Там, в Москве, Иван Иваныч то ли по вялости характера, то ли от сложностей быта о перестройке как-то не размышлял. То есть думал, конечно, ну перестройка так перестройка, ладно, будем перестраиваться… А чего же не перестраиваться?.. Его даже как-то на улице спросил человек с телевидения, подсунув микрофон: «Что вы думаете о перестройке?» А Иван Иваныч ничего не думал, он втянул голову в плечи и побежал трусцой в магазин напротив. Иногда смотрел на экран телевизора, как там спорили о всяких финансах и экономике разные симпатичные люди, смотрел, и ему почему-то казалось, что они сами ничего не понимают, они не знают, как сделать так, чтобы в магазинах всё было, чтобы все разговаривали друг с другом тихо и уважительно. Ну, ладно, перестройка, перестройка… и не такое пережили… И он выключал телевизор и вновь с ожесточением принимался за рамки, а перед глазами возникал образ начальника, который топал ногами и кричал: «Вся страна перестраивается, а они тут черт знает что, понимаешь!» И, устав от этих непонятных криков и постоянно чувствуя себя во всем виноватым, Иван Иваныч втягивал голову в плечи и старался ни о чем не думать. А тут вдруг снова эти вопросы и навострившиеся лица японцев: «Что вы думаете о перестройке?» И тут Иван Иваныч улыбнулся и ответил с непривычной раскованностью:
— Это наш последний шанс. Общество тяжело больно, но я верю, что недуг излечим. Мы становимся зорче и перестаем игнорировать общемировые процессы.
— А если перестройка сорвется? — спросил один из корреспондентов.
— Случится катастрофа, — мрачно ответствовал Иван Иваныч, — хотя, — продолжил он убежденно, — даже если всё кончится, уже то, что произошло, — благо…
— А кто же все-таки мешает? Бюрократы? — спросила миловидная японка. — Почему так трудно и медленно?
Иван Иваныч подумал и сказал:
— Смешно и наивно считать бюрократов главной причиной трудностей. Тормоз — не бюрократы, а все общество, и это главная проблема. Главный противник перестройки — низкий уровень культуры политической, экономической, нравственной.
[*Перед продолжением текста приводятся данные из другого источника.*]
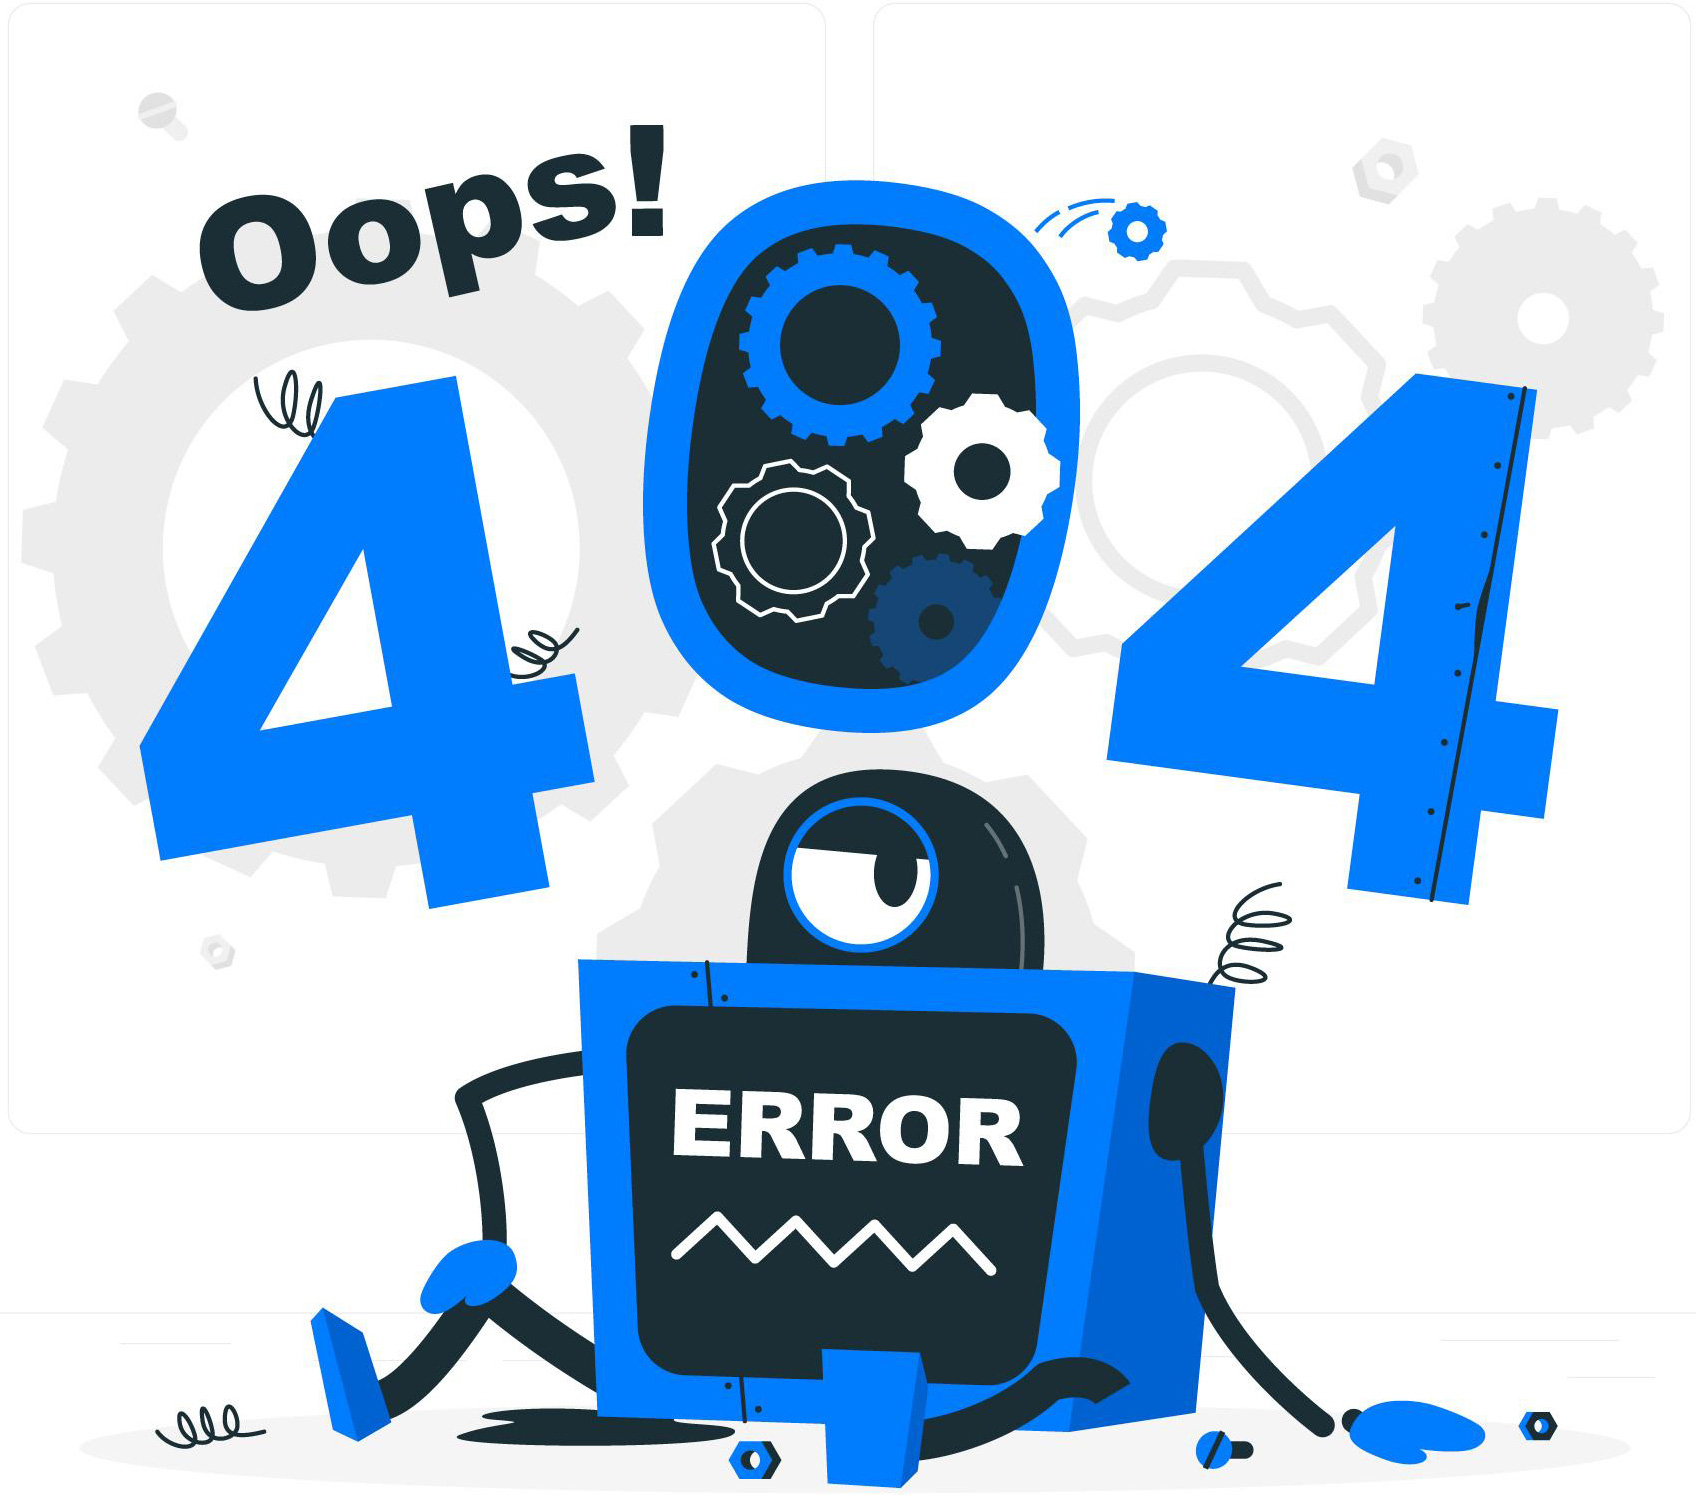 404 Hatası

Вопросы сыпались как из рога изобилия, и Иван Иваныч, как ни странно, тут же находил ответы.
Разговор длился больше часа, зашла речь о Японии, и Иван Иваныч сказал среди прочего:
— Вот вы сидите передо мной такие сытые, счастливые, умиротворенные…
И тут японцы тихо рассмеялись. Этот смех напоминал шуршание. Иван Иваныч всполошился, засуетился и торопливо проговорил:
— Нет, нет, вы меня не так поняли. Я понимаю, что и у вас много проблем. Вообще, где есть люди, там без проблем не обходится, я понимаю… — Он очень не хотел, чтобы его воспринимали обалдевшим туристом, и он попытался объяснить им свою точку зрения. Они кивали, и записывали, и улыбались.
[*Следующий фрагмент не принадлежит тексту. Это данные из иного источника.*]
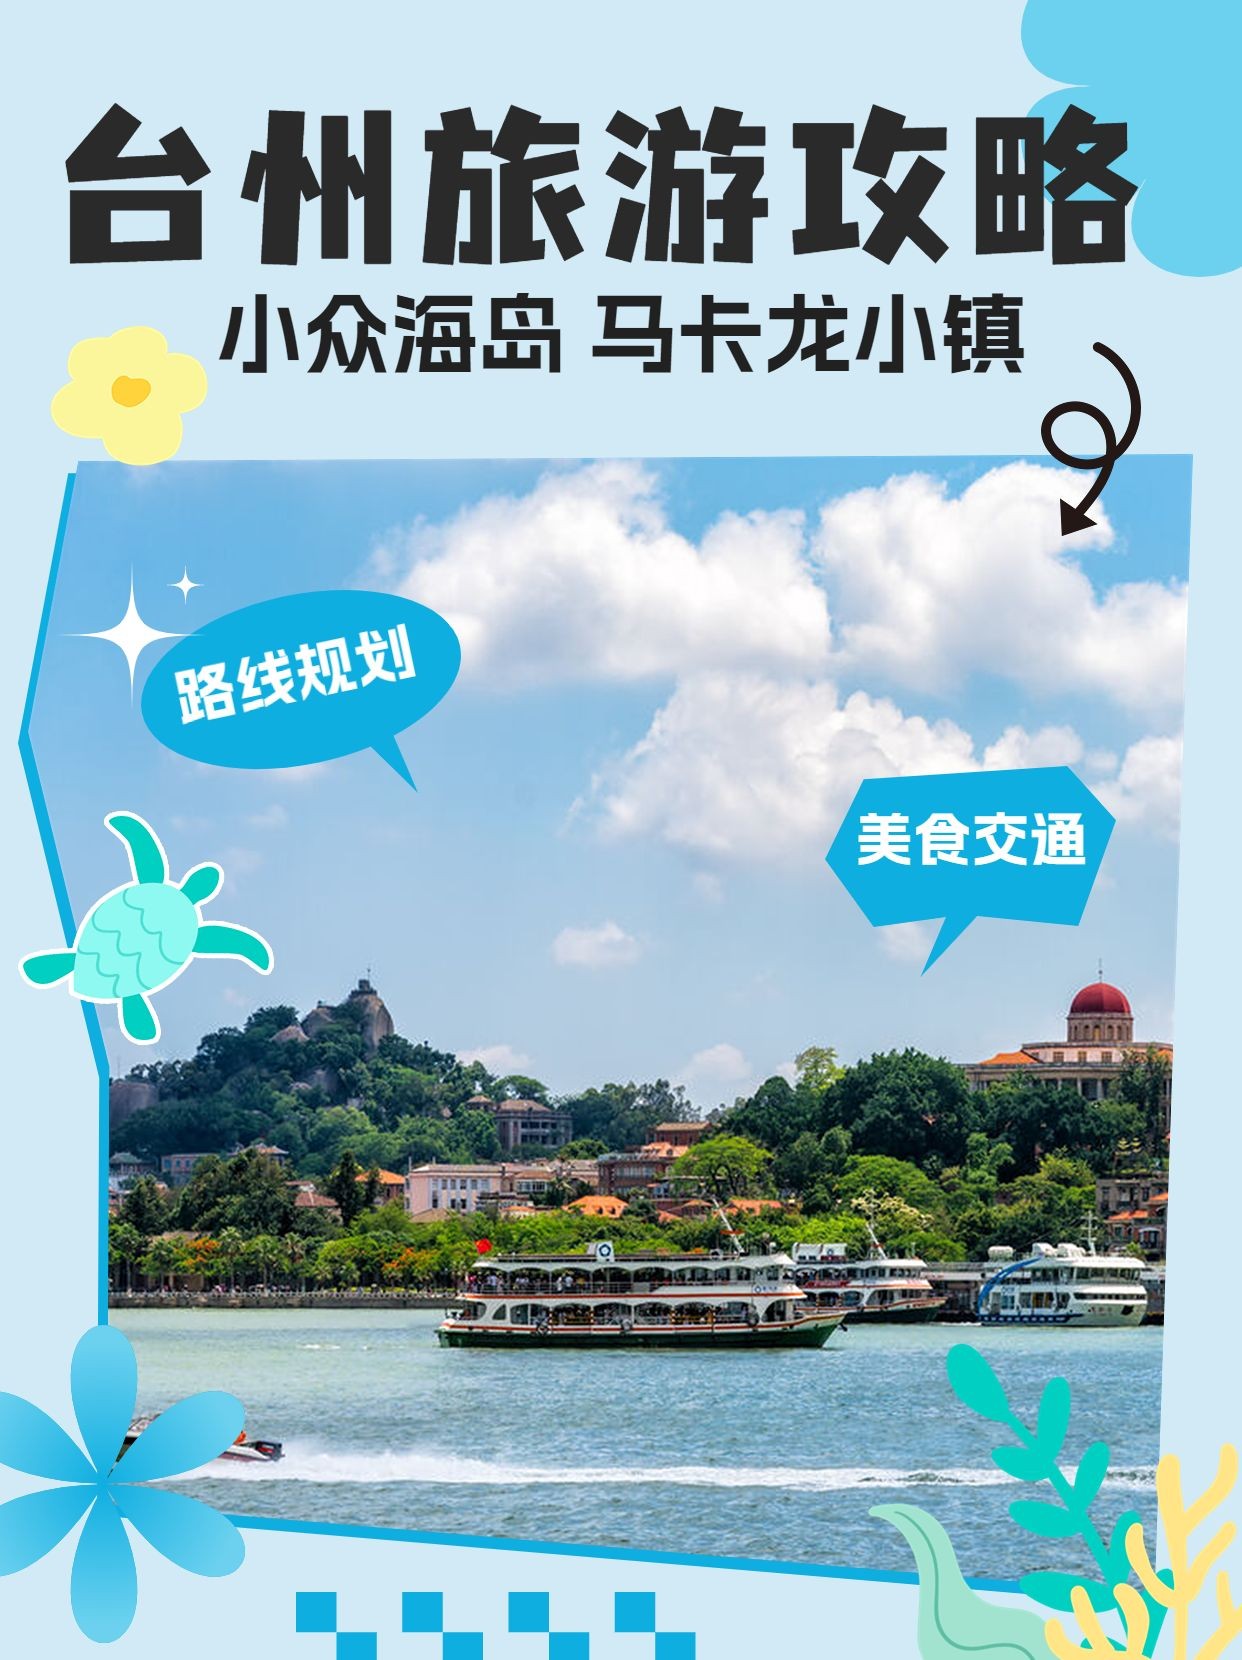 旅游台州小众海岛出行攻略小红书封面预览效果

Затем дни замелькали, одаривая все новыми восхитительными впечатлениями. Многое уже стало привычным, воспринималось как должное, но все чаще и чаще вставала перед ним Москва, и почему-то именно ранний рассвет, и на всём розовые краски, и его учреждение, и его начальник, но вспоминал он обо всём этом с грустью и умилением, словно не было очередей, забитых автобусов, выговоров, и оскорбительных придирок, и угроз…
«Попробовали бы вы всё это, — думал он, глядя на улыбающихся, кланяющихся японцев, — не до улыбок вам было бы…» Вот такие размышления начали его посещать, хотя в них не было ни капли недоброжелательства или, скажем, неприязни, нет, лишь мимолетная горечь и печаль.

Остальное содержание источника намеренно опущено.